Orwell had absolutely no illusions about the totalitarian potential of socialism. His two most famous books are about nothing else. Yet he never lost faith in democratic socialism as a goal. Again, from TLATU:

A heavy state, he envisions – but not one whit heavier than the one under which he grew up.

Let’s take an honest look at these, one by one.

No good writer of prose does this. Not a single one. They do quite often avoid threadbare expressions in favor of more expressive and original formulations, but they also use common expressions when their chief goal is to communicate clearly. Expressions become common precisely because they are useful, and good writers know when to use them and when not to.

This is simply a matter of taste. For some compositions, it is good advice. For others, it isn’t.

This might be the most ridiculous of the rules because Orwell can’t help but pompously contradict himself at the same time that he’s giving the rule. He could have written: “If it is possible to a cut a word [del]out[/del], always cut it [del]out[/del].”

My revision here isn’t necessarily better, but that’s precisely the point. It was possible to cut a word from his rule, and yet he didn’t.

The very first sentence of his essay contains a passive, and he uses more passives than the average newspaper. Again, his own writing style contradicts this rule. If you think “Politics and the English Language” is a well written essay, then you must recognize that passives are an incredibly useful part of our language that are not to be avoided.

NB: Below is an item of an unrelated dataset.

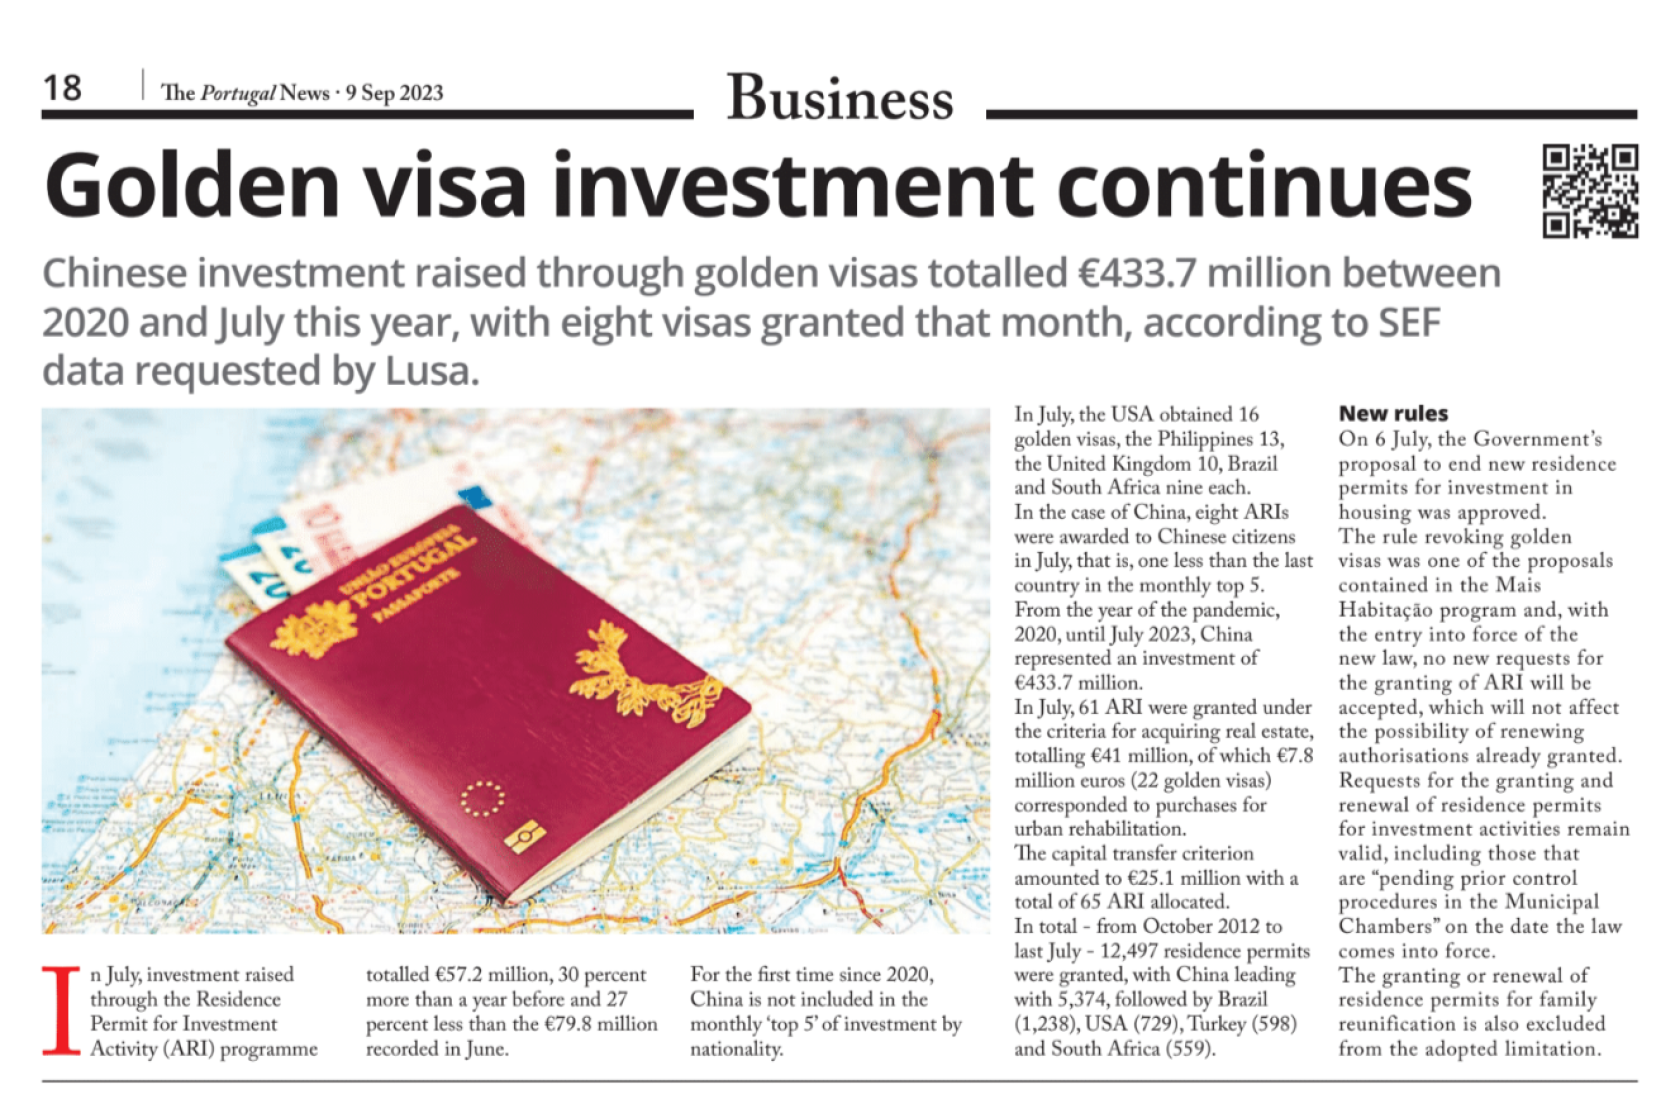 L'investissement dans la visa dorée se poursuit

Again, a matter of taste. There are utterly brilliant writers whose prose looks like the lexical equivalent of strong man competition: they’re always flexing their vocabulary. And yet they are incredibly well respected.

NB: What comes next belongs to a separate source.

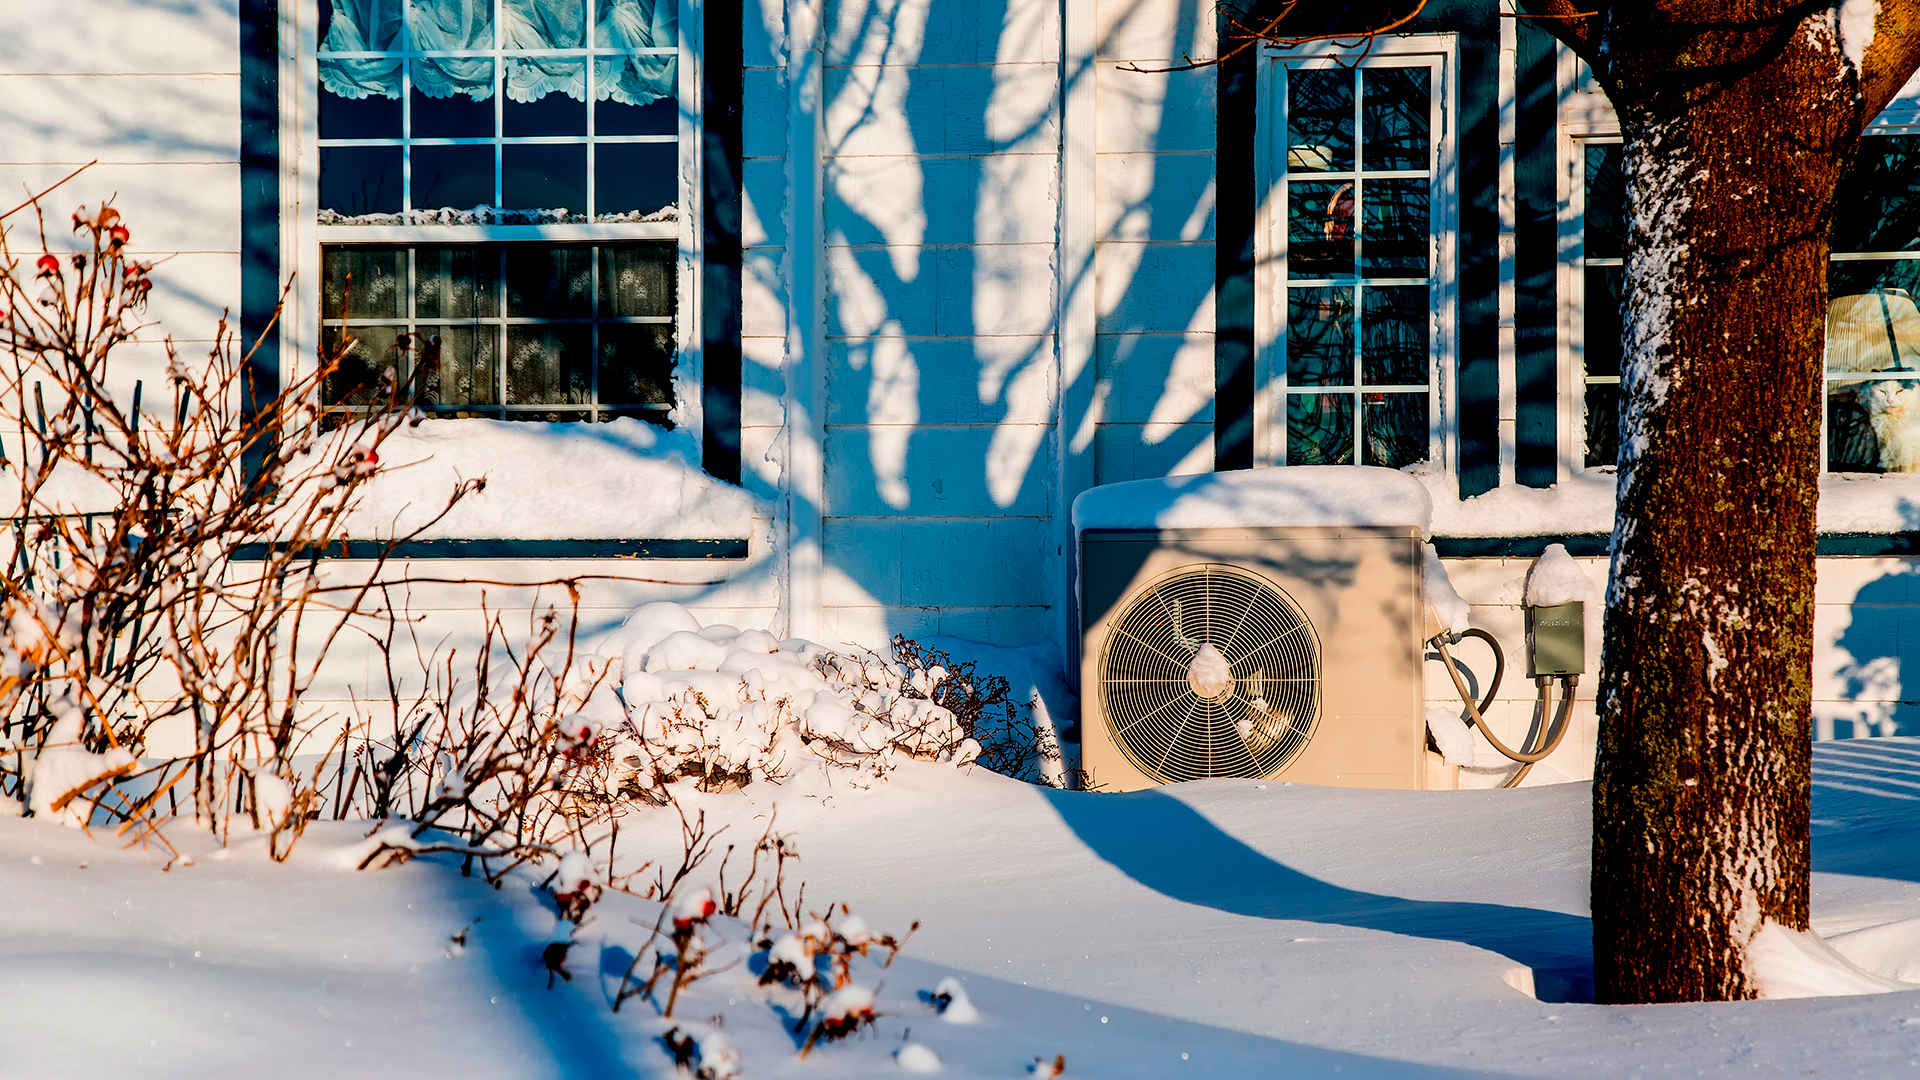 pompa ciepła na zewnątrz domu pokryta śniegiem -  w 2021

“Barbarous” has no meaning here outside of Orwell’s own personal preferences. Orwell is simply upset when other people don’t write the way he wants them to write. He leaves no room for people’s writing tastes to differ.

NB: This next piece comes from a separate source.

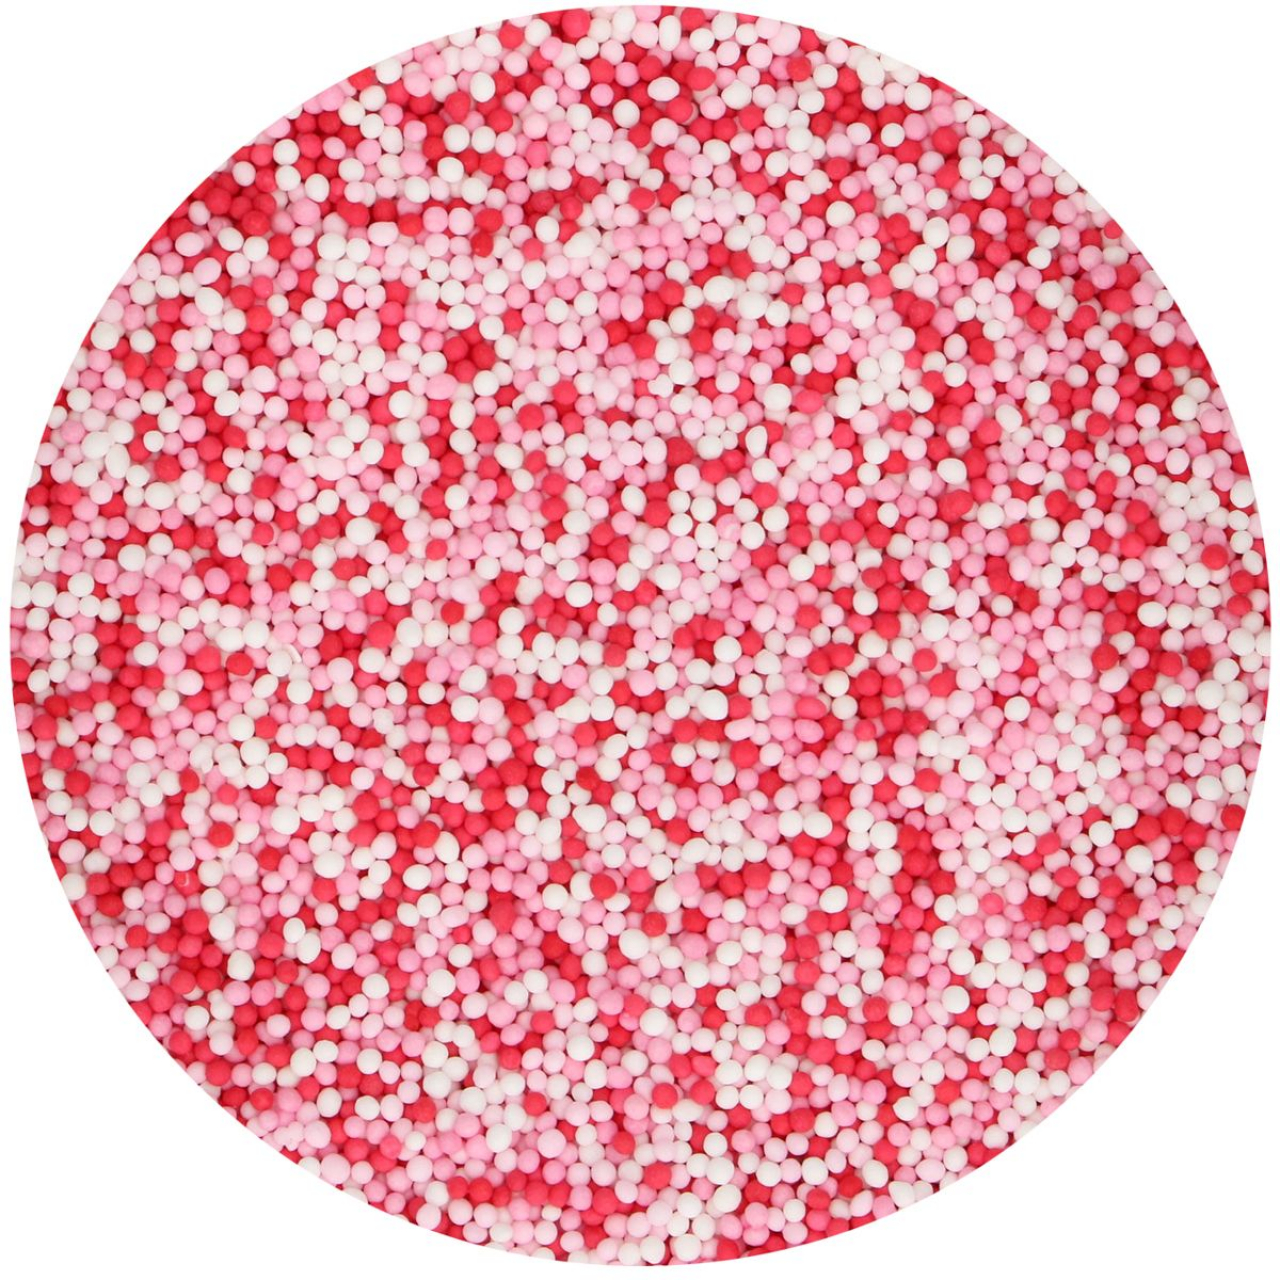 FunCakes Nonpareilles mix - piros, fehér, rózsaszín - 80g

cricetus claims that this essay is “a useful tool for young writers”. Maybe that’s true. But considering the downright laziness of the piece, non-professional writers like me have a right to ask why this poorly thought out piece of shit can be so useful. A common claim about bad writing is that it reflects bad thinking. Well, okay, but that still doesn’t account for this essay. What do say when we have a piece of good writing that reflects obviously bad thinking?

The thrust of my post on the matter is that it was advice from a different era, and that rules like that have become dogma. FTR, I am actually kind of anti-rule when it comes to writing… I sigh in exasperation whenever they are trotted out in crit groups or discussion forums.

I do admire Orwell in general, and that essay is good for discussion if nothing else. I generally find literary discussions a bit more compelling when the participants resist the urge to say whether something “sucks” or not.

Unless they’re talking about Ayn Rand, in which case the suckiness is so unbelievably sucky that there’s really nothing else to talk about. :wink:

I’m very passionate. That’s part of why I think literature debates are dull. People get all upset about important things like politics, but when was the last time anyone went and blew up a grammar school? Politics is too improtant to freak out over. If you are going to get emotional about something, it ought to be something unimportant, even trivial, in the grand scheme of things!

She also sucks! (Ok, I haven’t read anything of hers, though I get her general gist).

Actually, from what I heard she and Orwell had an lot in common.